Unlike all the other projects discussed, the National Ignition Facility is solely funded by one nation, the USA. Of course, it could be argued that four billion dollars is a bargain if the project succeeded, and that it is today's time-precious society that needs to learn patience in order to appreciate the long-term timescales required to overcome the immense technological challenges. Nuclear fusion would presumably solve many of todays - and the foreseeable futures - energy requirements whilst being rather more environmentally friendly than either fossil fuels or fission reactors. The potential rewards are plain for all to see.

However, the problems are deep-rooted, leading to arguments against the development of laser-based fusion per se. Alternative fusion projects such as the Joint European Torus and the $20 billion ITER - see an earlier post on nuclear fusion research for details - use longer-established methods. My verdict in a nutshell: the science was possibly unsound from the start and the money would be better spent elsewhere.
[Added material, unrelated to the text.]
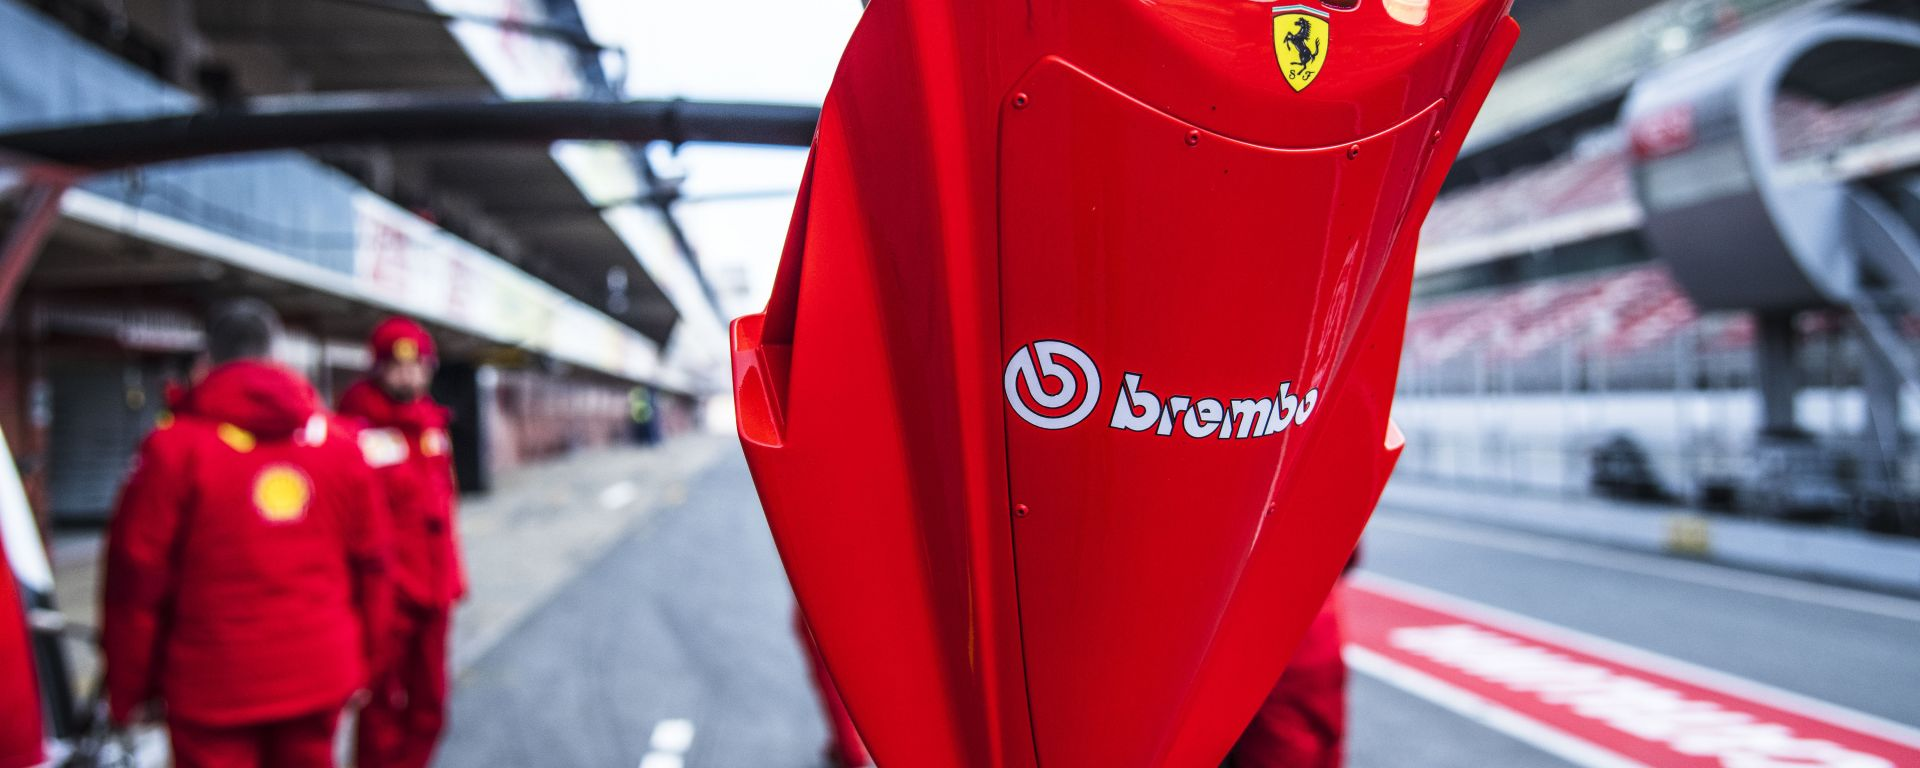 F1, il logo Brembo al box Ferrari

Meanwhile, perhaps the facility could get back a small portion of its funding if Star Trek movies continue to hire the NIF as a filming location!

The International Space Station

I remember the late Carl Sagan arguing that the only benefit of the ISS that couldn’t be achieved via cheaper projects such as – during the Space Shuttle era - the European Space Agency’s Spacelab, was research into the deleterious effects on health of long-duration spaceflight. So at $2 billion per year to run is it worthwhile, or but another example of a fundamentally flawed project? After all, as it is the station includes such non-scientific facets as the ultimate tourist destination for multi-millionaires!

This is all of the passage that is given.